Marijuana should undergo the same process any other potential medication receives with respect to research, consideration, and study. Efforts to streamline or bypass this process would prove to be more harmful than helpful because the necessary protocols and processes are not employed and, therefore, has the potential to expose consumers to unsafe and ineffective drug products.References:
- National Conference of Legislators. State Medical Laws. February 15, 2018. Available at http://www.ncsl.org/research/health/state-medical-marijuana-laws.aspx. Accessed February 22, 2018.
- U.S. Department of Justice. Drug Enforcement Program. Drug Scheduling. 2018. Available at: https://www.dea.gov/druginfo/ds.shtml. Accessed February 22, 2018.

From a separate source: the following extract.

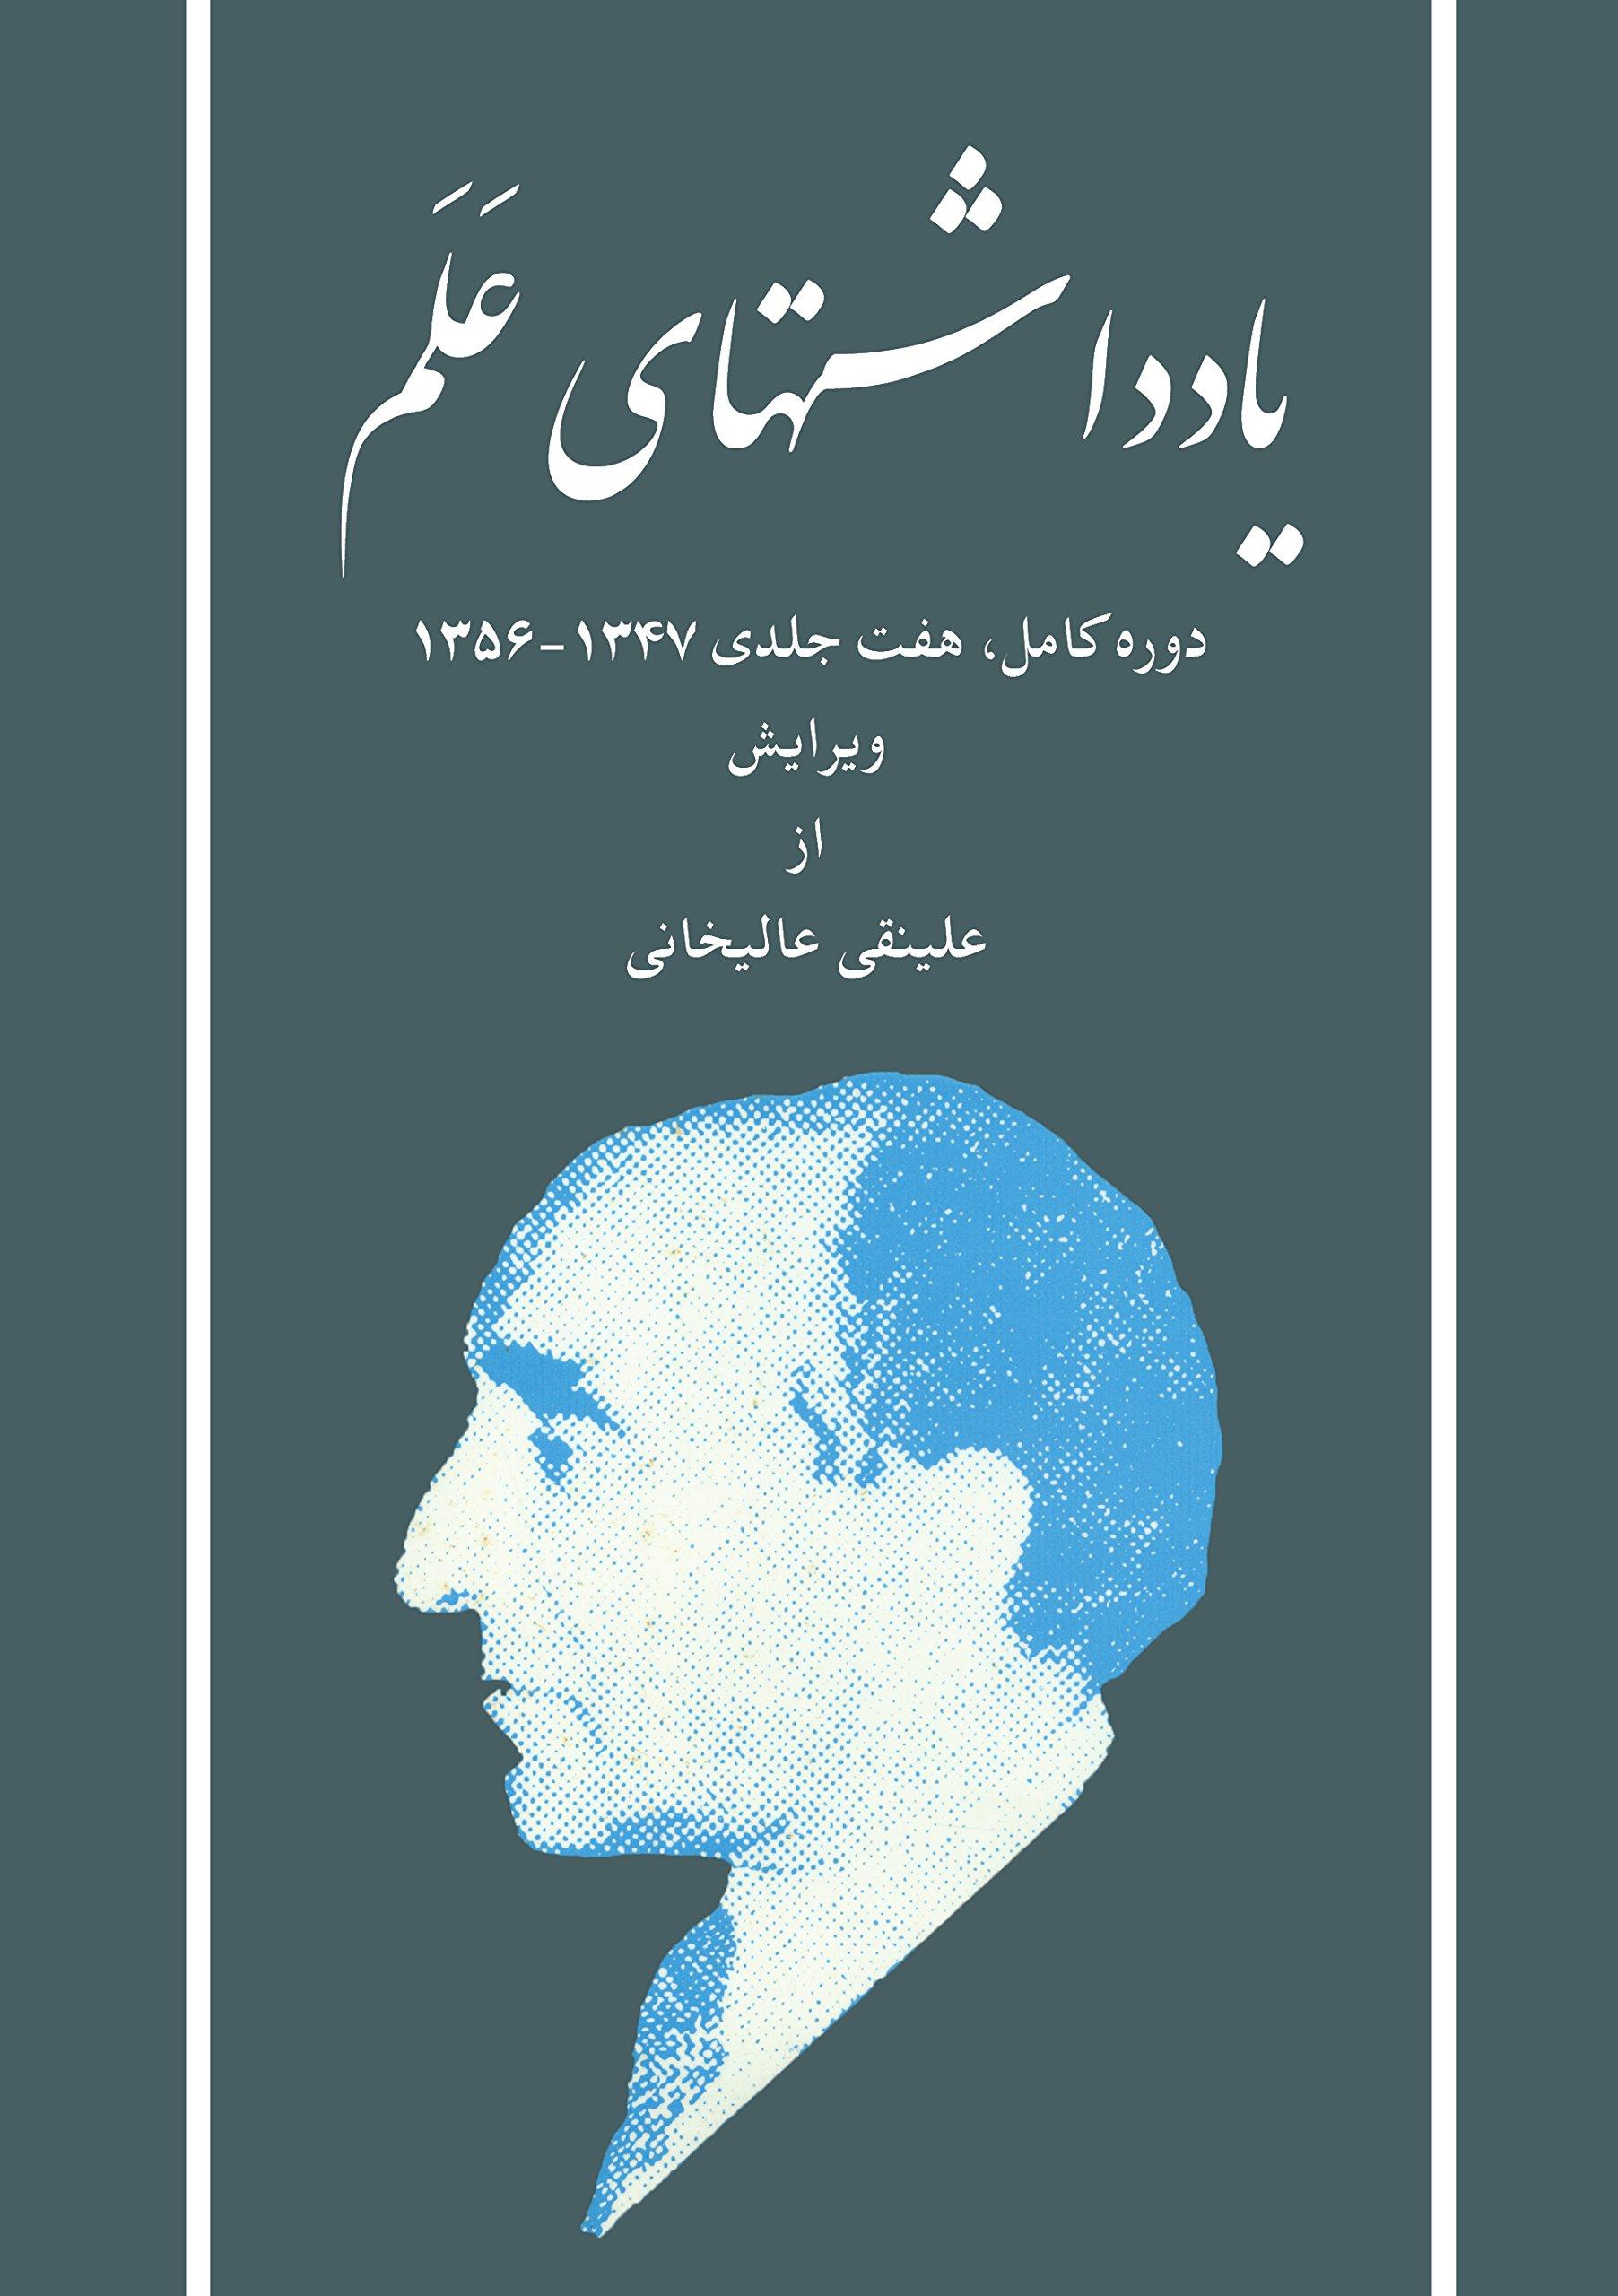 Diaries of Assadollah Alam: Seven Volume Set, 1346-1356/1967-1977 (Persian/Farsi language) (Alam Diaries) (Farsi Edition) (Persian Edition) by Ibex Publishers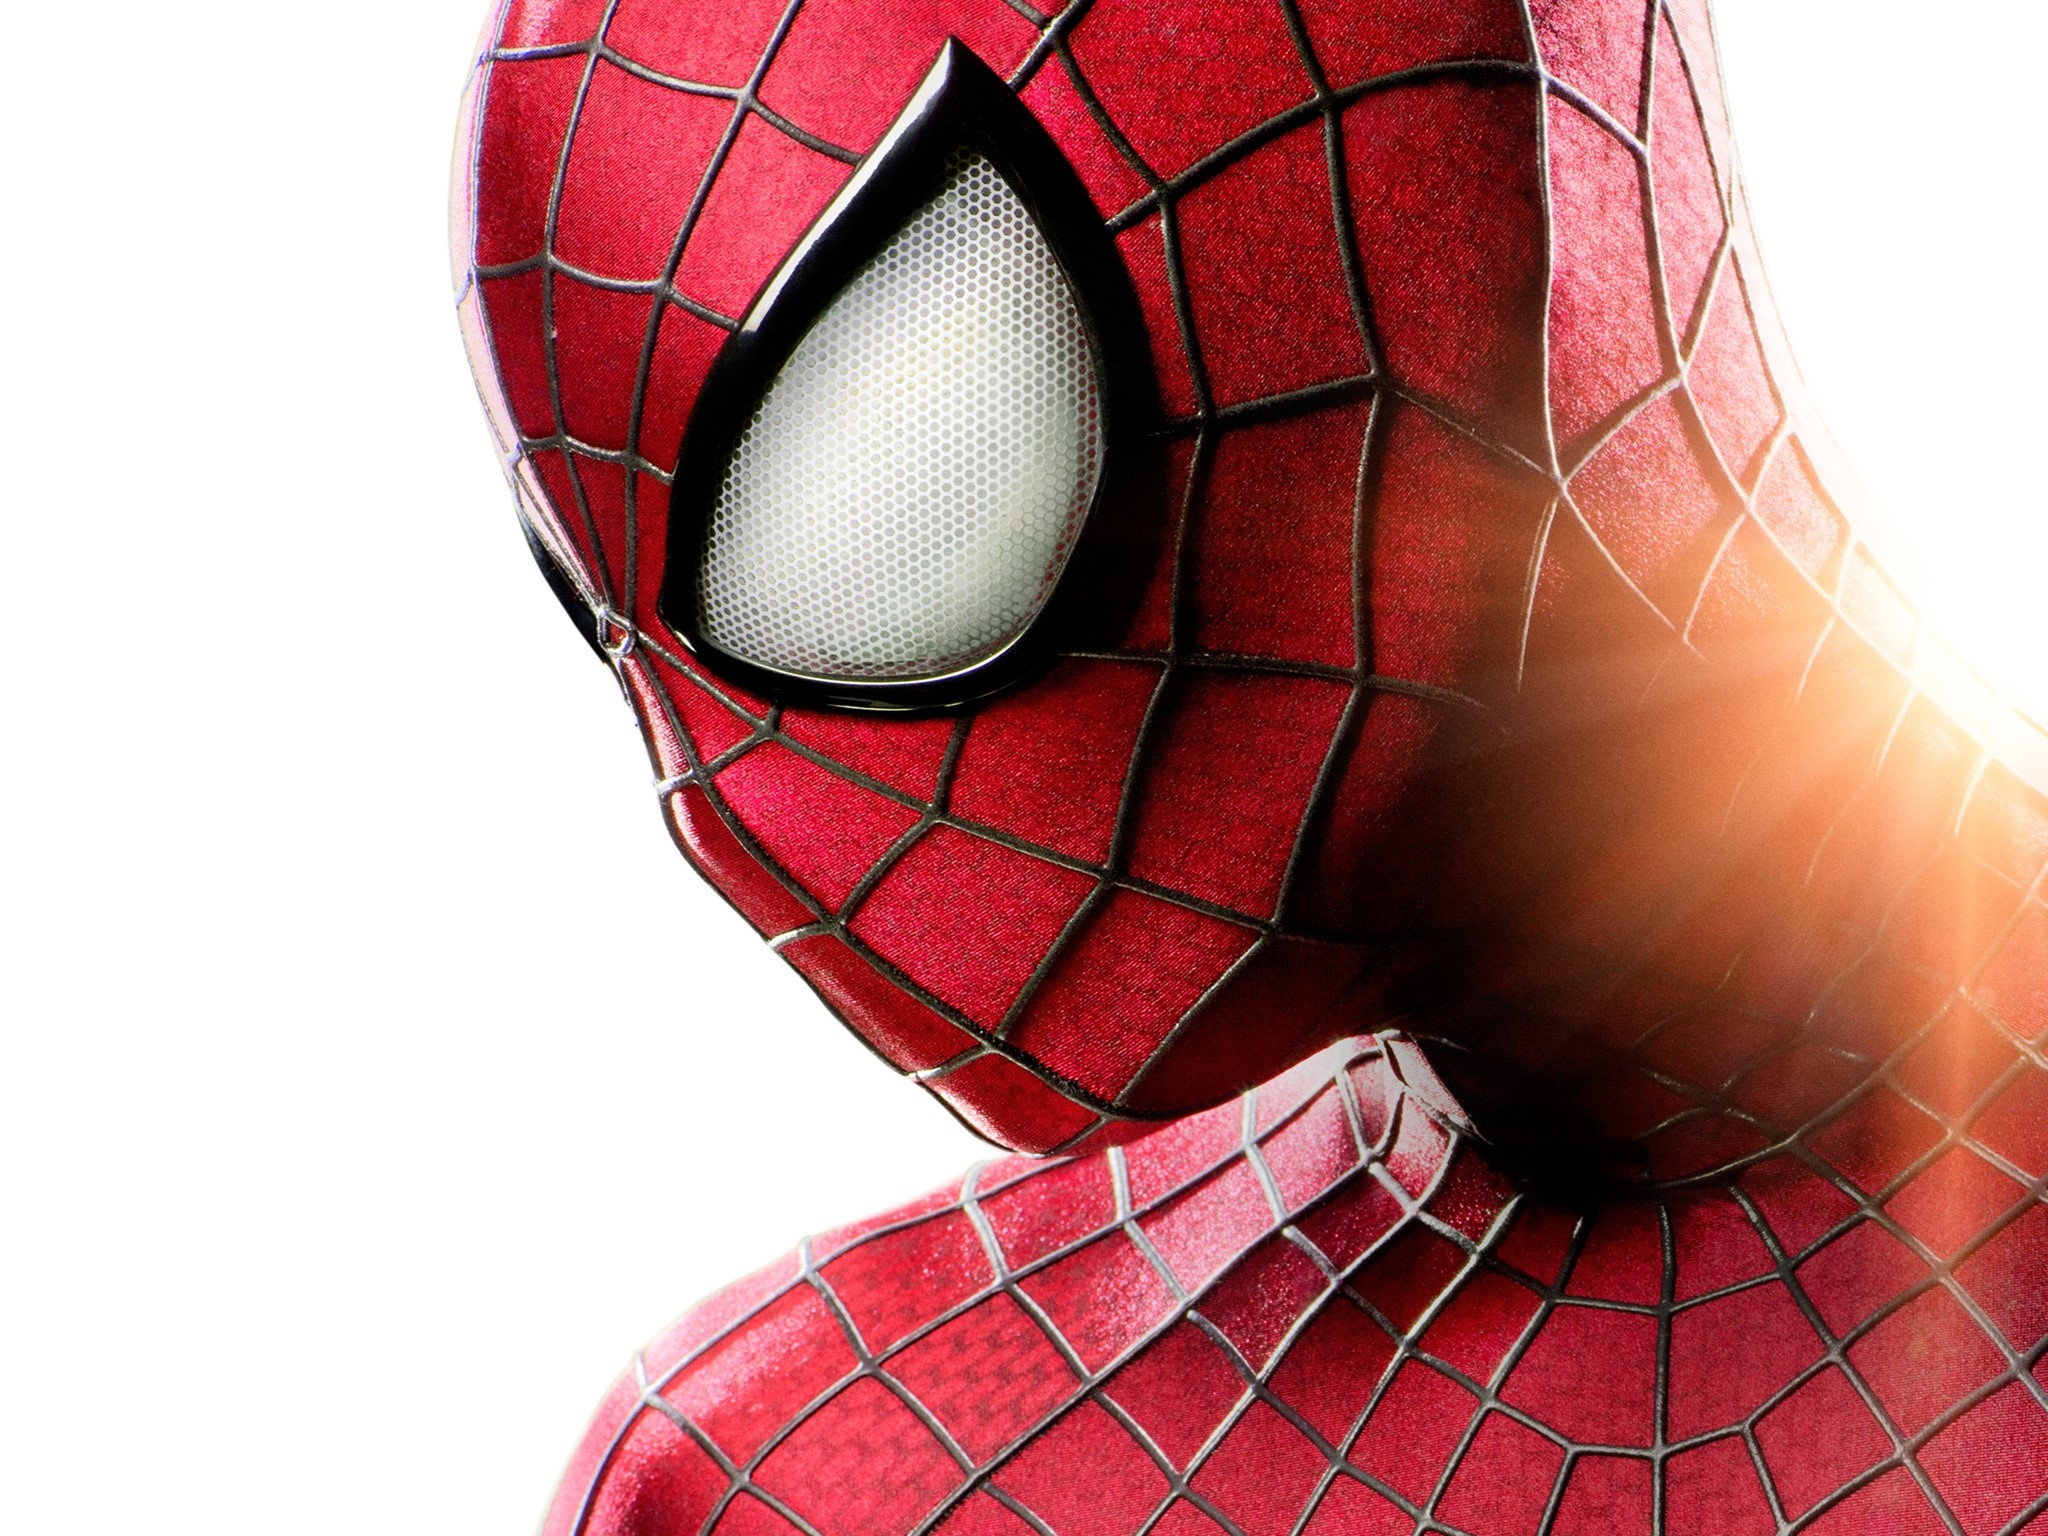 Fondos de pantalla El maravilloso hombre araña 2

- U.S. Department of Justice. Office of the Attorney General. Justice Department Releases Memo on Marijuana Enforcement. January 4, 2018. Available at: https://www.justice.gov/opa/press-release/file/1022196/download. Accessed February 22, 2018.
- U.S. Food and Drug Administration. FD&C Act Chapter V: Drugs and Devices. February 7, 2018. Available at https://www.fda.gov/RegulatoryInformation/LawsEnforcedbyFDA/FederalFoodDrugandCosmeticActFDCAct/FDCActChapterVDrugsandDevices/default.htm. Accessed February 22, 2018.
- Van Norman, GA. Drugs, Devices and the FDA: Part 1: An Overview of Approval Processes for Drugs. JACC: Back to Translational Science. 2017; 1(3):170-179. doi.org/10.1016/j.jacbts.2016.03.002.